# Lifeboats - and Dutch Coasters



## Norman Trewren (Sep 27, 2005)

Looking for photos of RNLB Marie Winstone and Hyman Winstone - also, one for you Ruud - of Carabeka ships Erebus and Horst.

Thanks all

Norman


----------



## Jan Hendrik (Feb 14, 2005)

Norman, you find photos and a write up of both vessels in the book "Geen zee te hoog".
I am sure Ruud will help you with some nice shots, otherwise I can scan and send the pictures from this book. It includes a beached "Horst".
Jan


----------



## ruud (Dec 6, 2004)

Ahoy Jan & Norman,
Will post the piccies later on today.
Here the Erebus 1950, scanned from the book Carebeka 1939-1983, it's worth to have this one in your collection, published by WSS-IBSN 0 905617 78 9
Written in English/Dutch.
Photo courtesy by E.Houwerzijl


----------



## ruud (Dec 6, 2004)

Ahoy Norman,

Here the Horst 1939, at her trials and her details:
Photo courtesy by J.Oostmeijer


----------



## ruud (Dec 6, 2004)

ruud said:


> Ahoy Norman,
> 
> Here the Horst 1939, the first 2 piccies are from Zaanstad Gemeentearchief, unloading wood in a perilous situation, the third is an old postcard ['60's] made in Malmo


The others will go in another thread


----------



## ruud (Dec 6, 2004)

Ahoy Norman,

Here the Horst as Jan mentioned, beached, and on her her trials, and the last one both together with the Eddystone, layed up?


----------



## Galley Boy (Jun 14, 2005)

*Lifeboat pics*



Norman Trewren said:


> Looking for photos of RNLB Marie Winstone and Hyman Winstone - also, one for you Ruud - of Carabeka ships Erebus and Horst.
> 
> Thanks all
> 
> Norman


A couple of pics of 52-15 & 52-19 in the gallery soon,help your self, hope they are okay
Galley Boy (Applause)


----------



## Norman Trewren (Sep 27, 2005)

Jan, Ruud en Galley Boy - Hartelijk bedank.
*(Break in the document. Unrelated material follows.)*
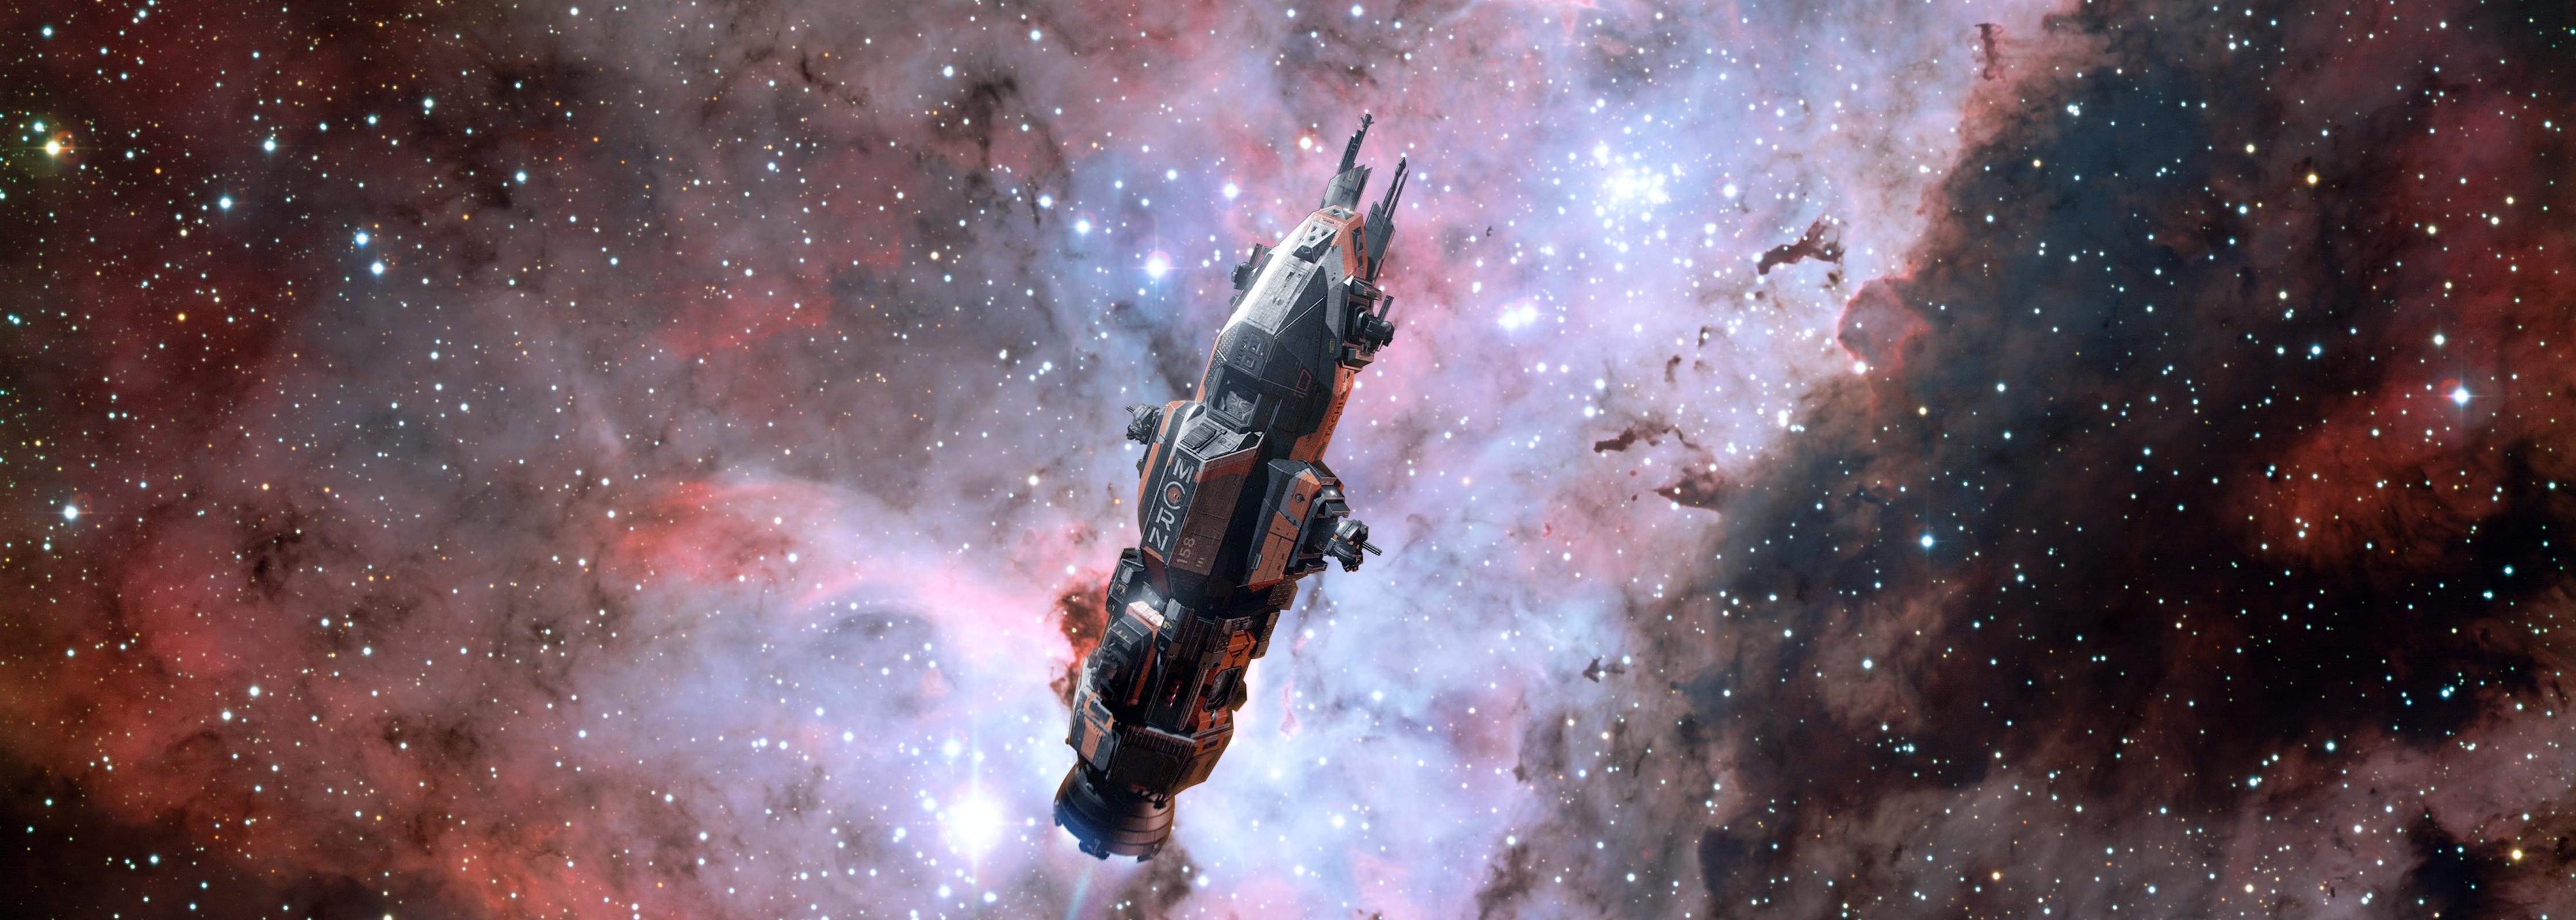 General 4480x1600 The Expanse space science fiction TV series spaceship Rocinante vehicle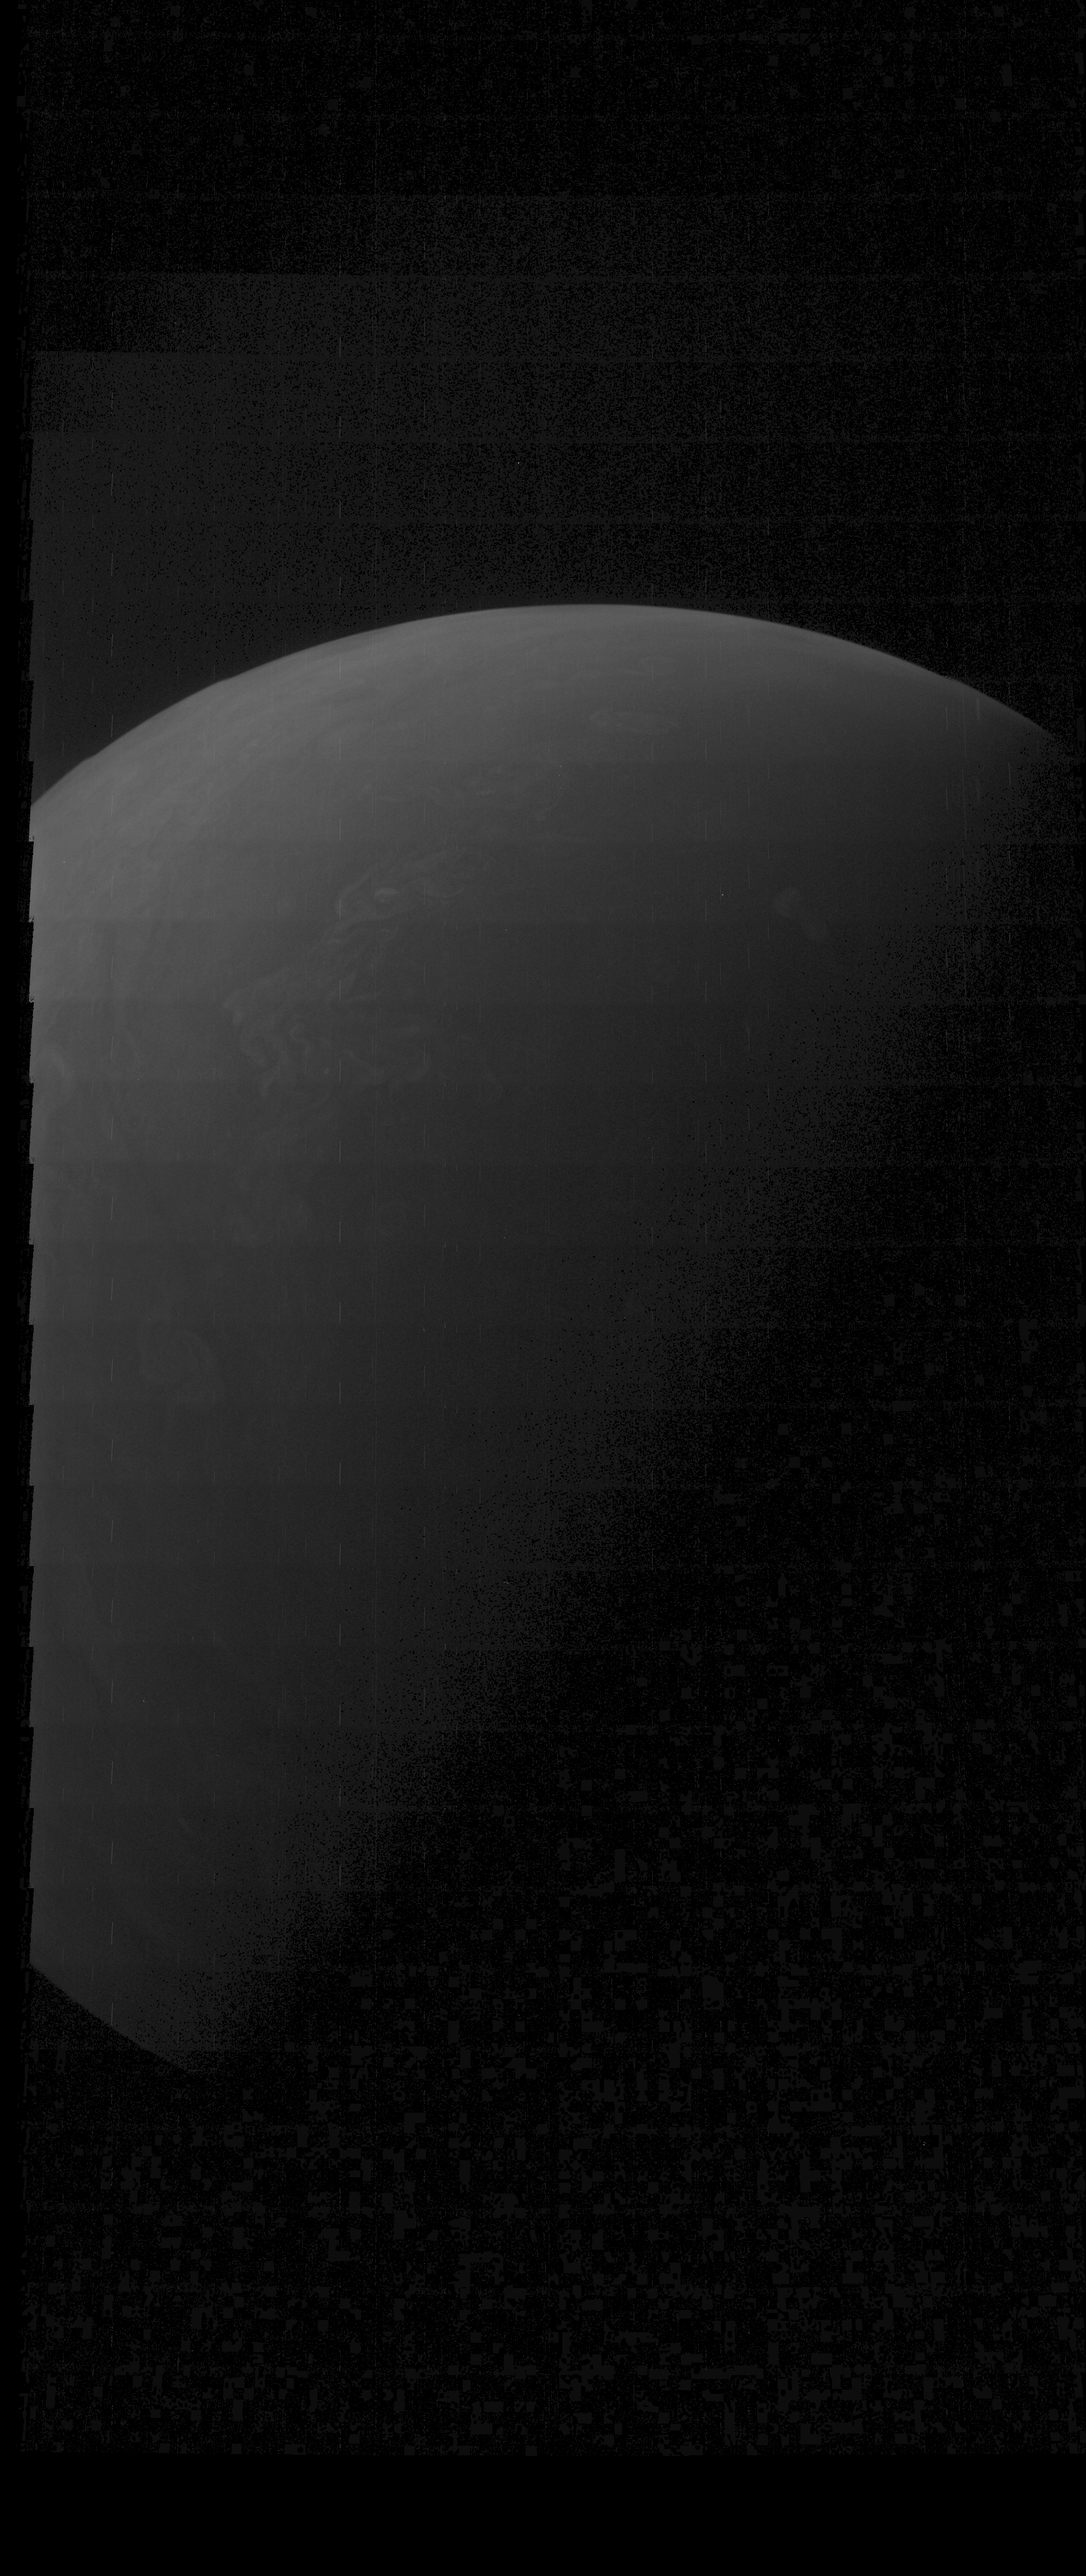 JNCE_2020101_26M00017_V01-raw_proc_hollow_sphere_m_pj_out.BMP_thumbnail_.png

Believe it or not, Horst was the first ship I ever went to sea aboard, sometime in the late '40s. From Bo'ness to Methil, as a guest of the Master, a good friend of my father's. He went on to skipper Erebus.

GB - I look forward to the piccies of the Aruns. Both of them have a 'family interest'!

Very many thanks all

Norman

(Applause) (Thumb) (*))


----------



## Jan Hendrik (Feb 14, 2005)

All 3 vessels as shown on one photo were owned by the same company: Rederij Schothorst from Groningen.
Additional info on the "Horst"
Allied forces took over the vessel for operation "Dynamo" in 1940, English crew came on board and the English flag went in top.
The vessel assisted in repatriating forces from France and during one such operation she got beached in Dunkirk (Malo des Bains beach) where it was confiscated by the Germans.
Same happened to the vessel "Sursum Corda" which can be seen on same photo in the background.
These vessels were re-commissioned after the war.
(Source "Geen Zee te Hoog")


----------



## Norman Trewren (Sep 27, 2005)

Thank you, Jan. 

Norman


----------



## stef37 (Mar 15, 2008)

Hi Anyone know or got any photo's the Heinrich Brandt she used to carry timber finland and have her own derricks.


----------



## Sarah Briggs (Dec 14, 2010)

Marie Winstone was my great aunt. What is your relation?


----------